• _Directions for this task_
Return the data that follows exactly as it appears. Pictures do not belong in the copy.

• _Data block_
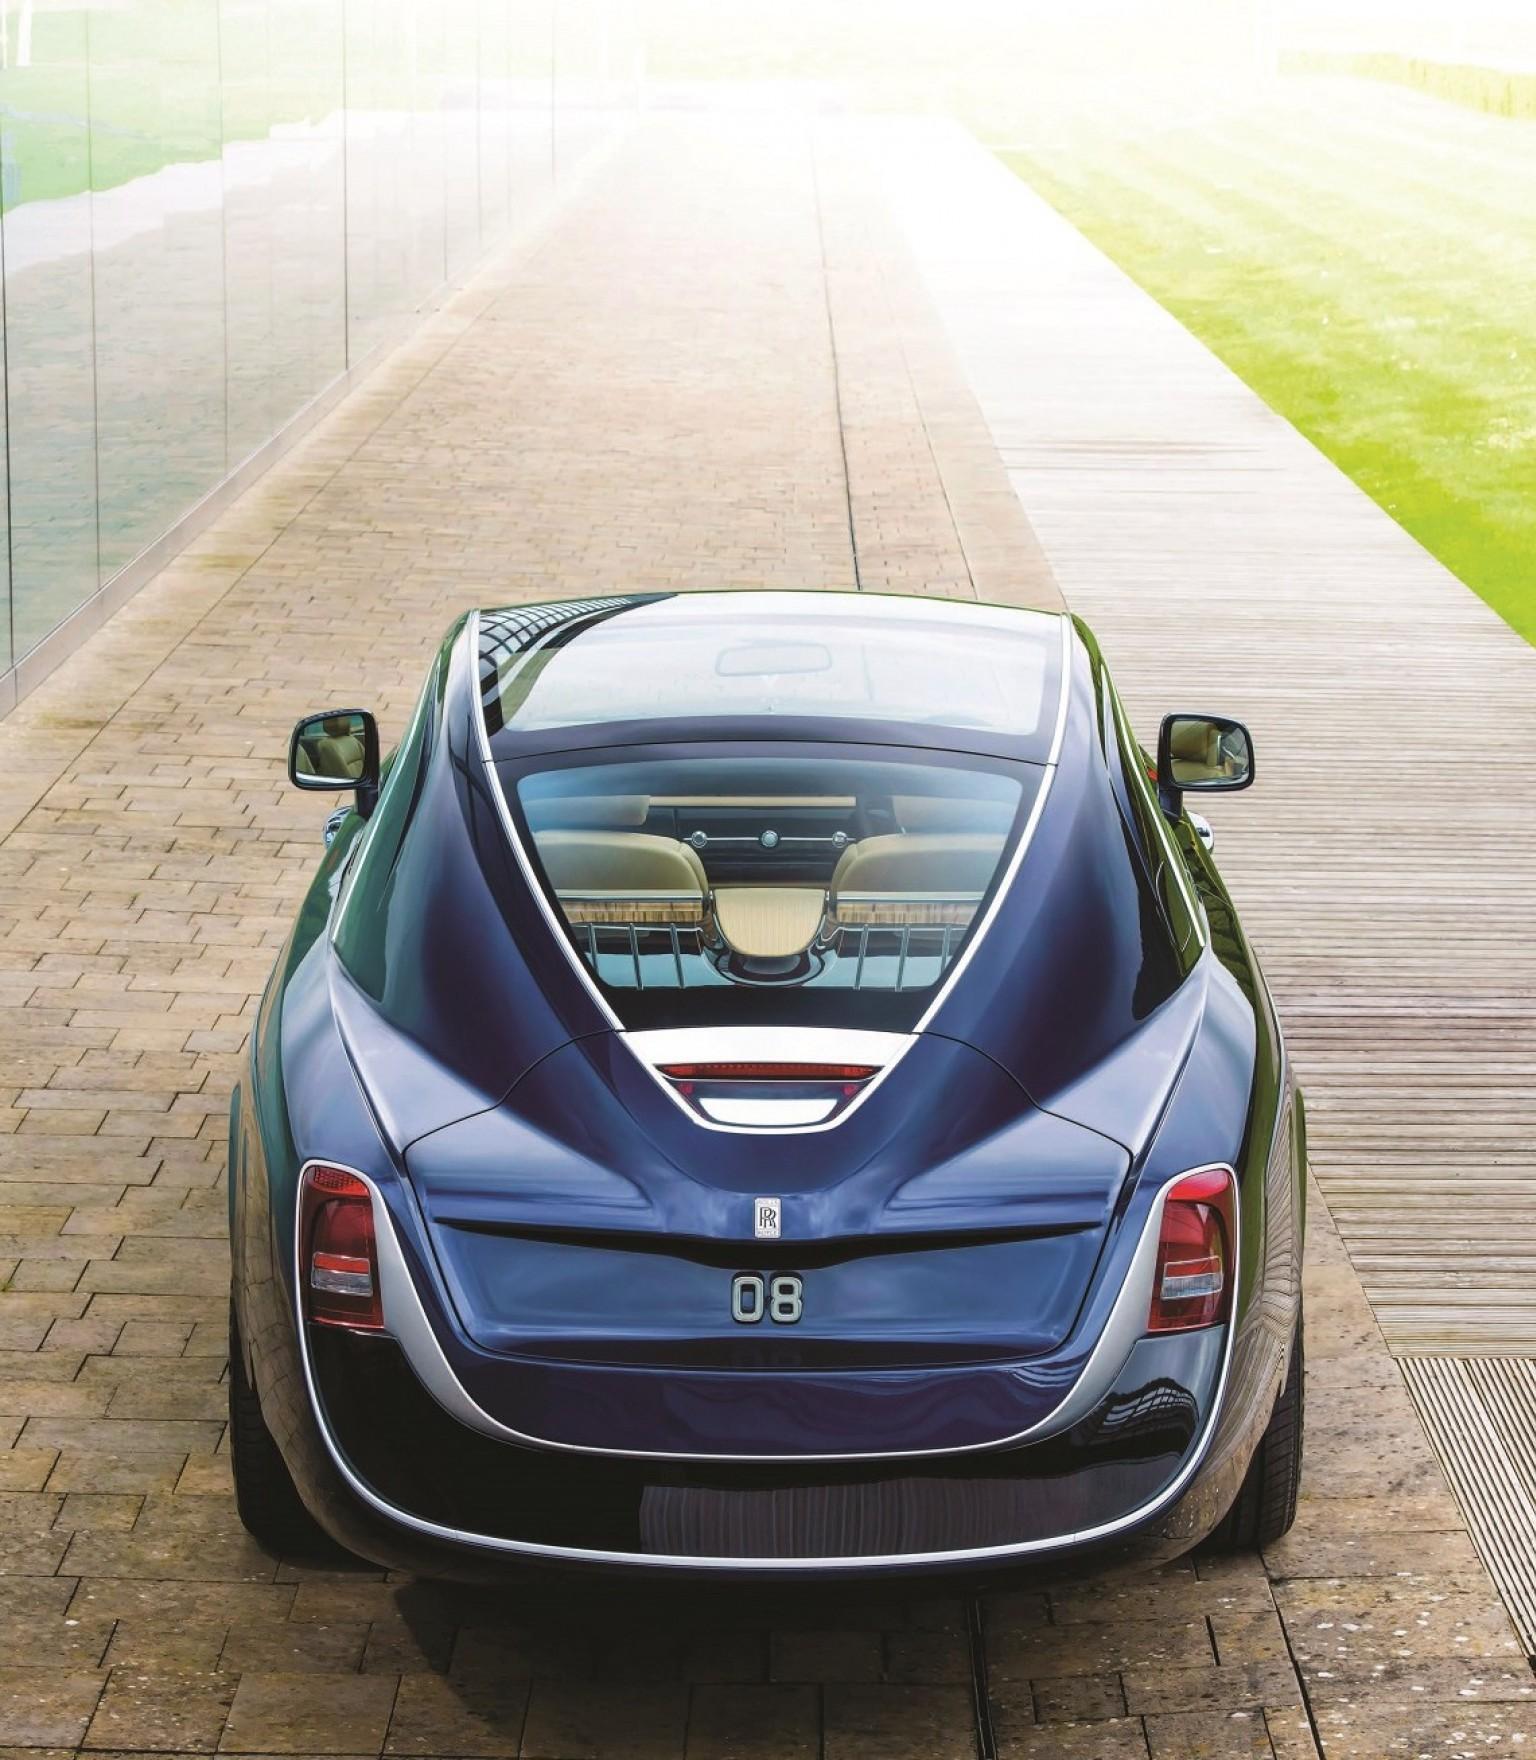 Rolls Royce car
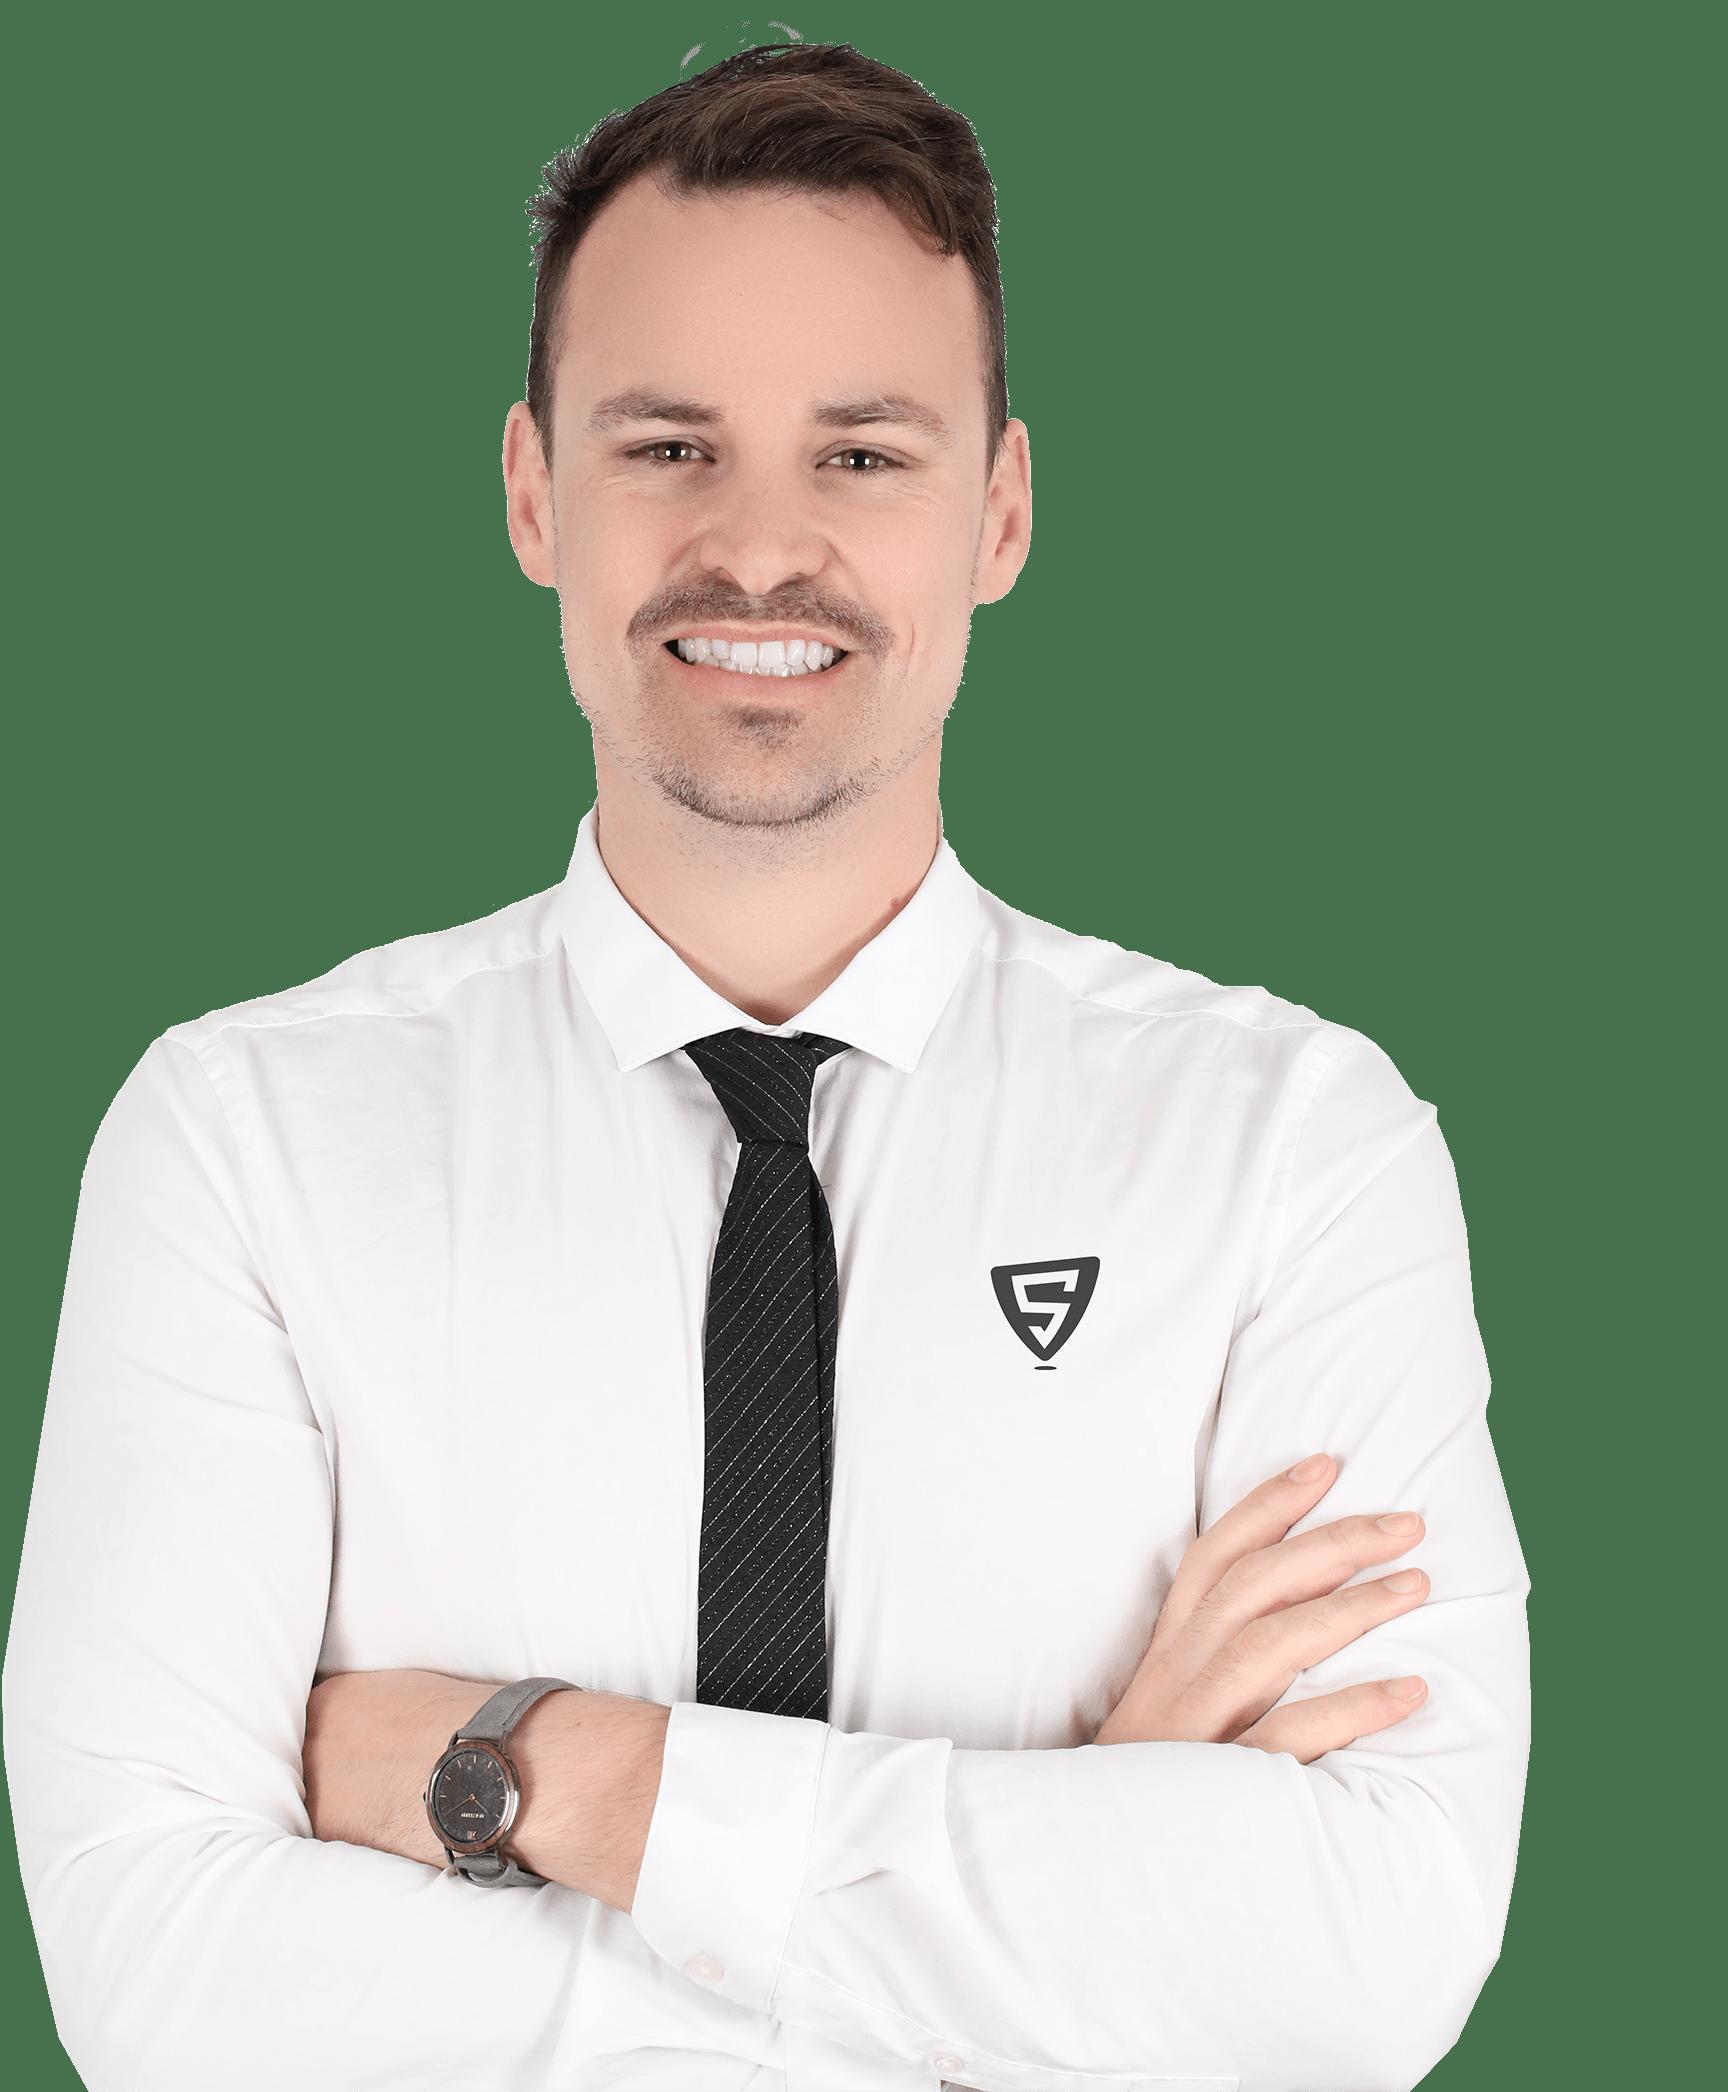 Sidney Rubio: Creador de contenido y experto en negocios online
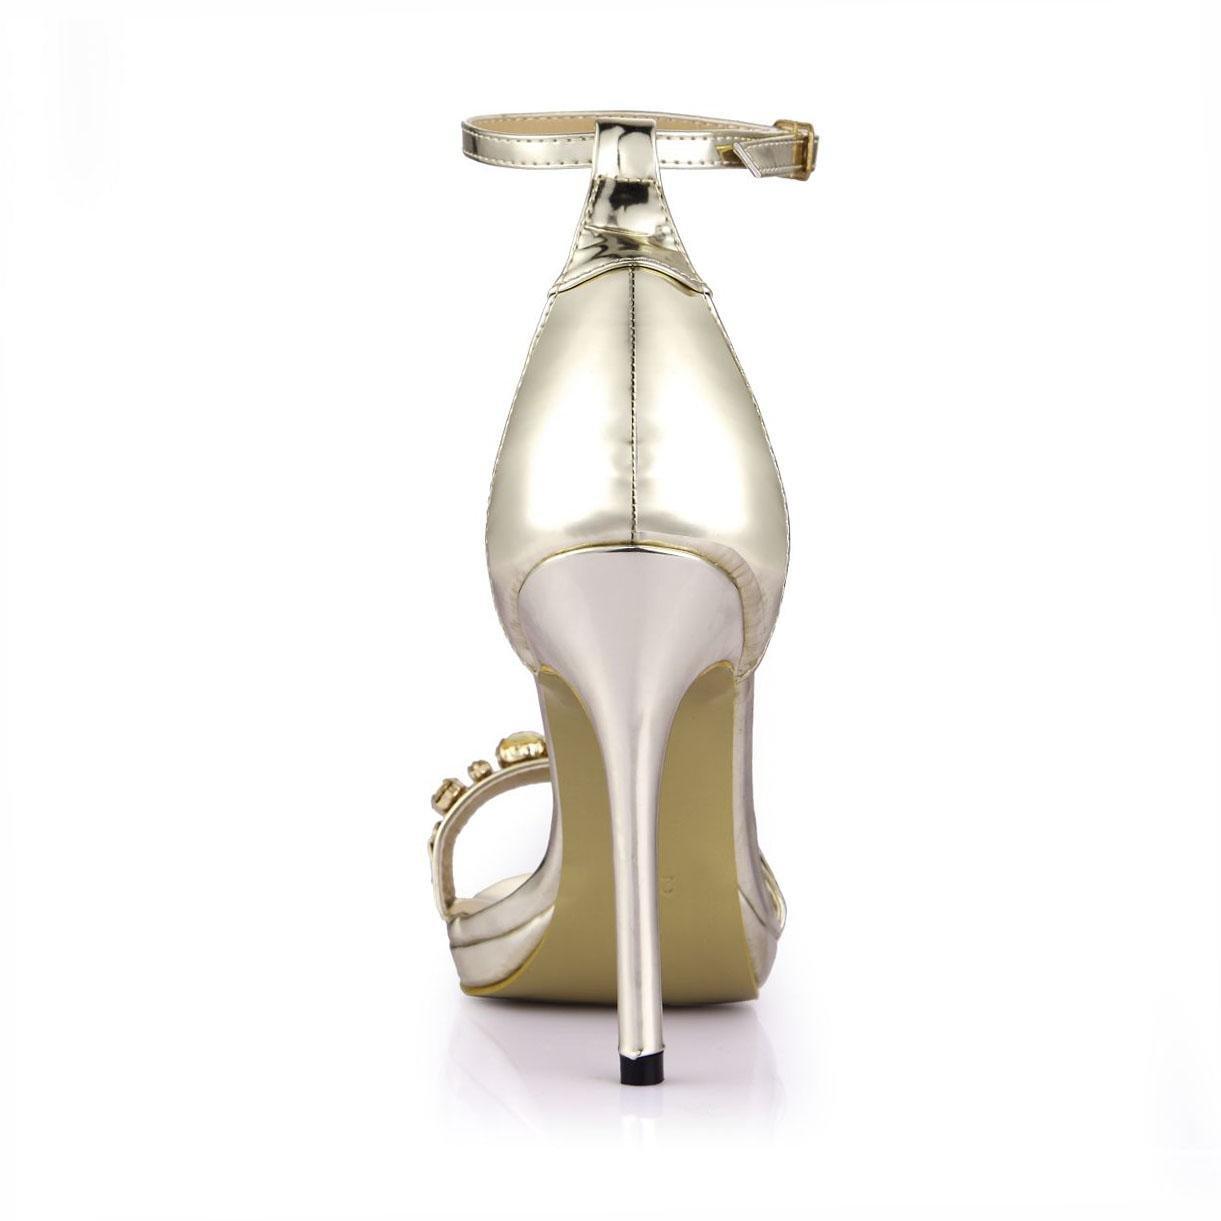 Best 4U® Frauen Sommer Sandalen Schuhe Premium PU Runde Runde Runde Zehe 12 CM Hohe Metall Heels Strass Gummisohle Eine Schnalle Schuhe - 941956

• _Result for this exercise_
 Rolls Royce car
 Sidney Rubio: Creador de contenido y experto en negocios online
 Best 4U® Frauen Sommer Sandalen Schuhe Premium PU Runde Runde Runde Zehe 12 CM Hohe Metall Heels Strass Gummisohle Eine Schnalle Schuhe - 941956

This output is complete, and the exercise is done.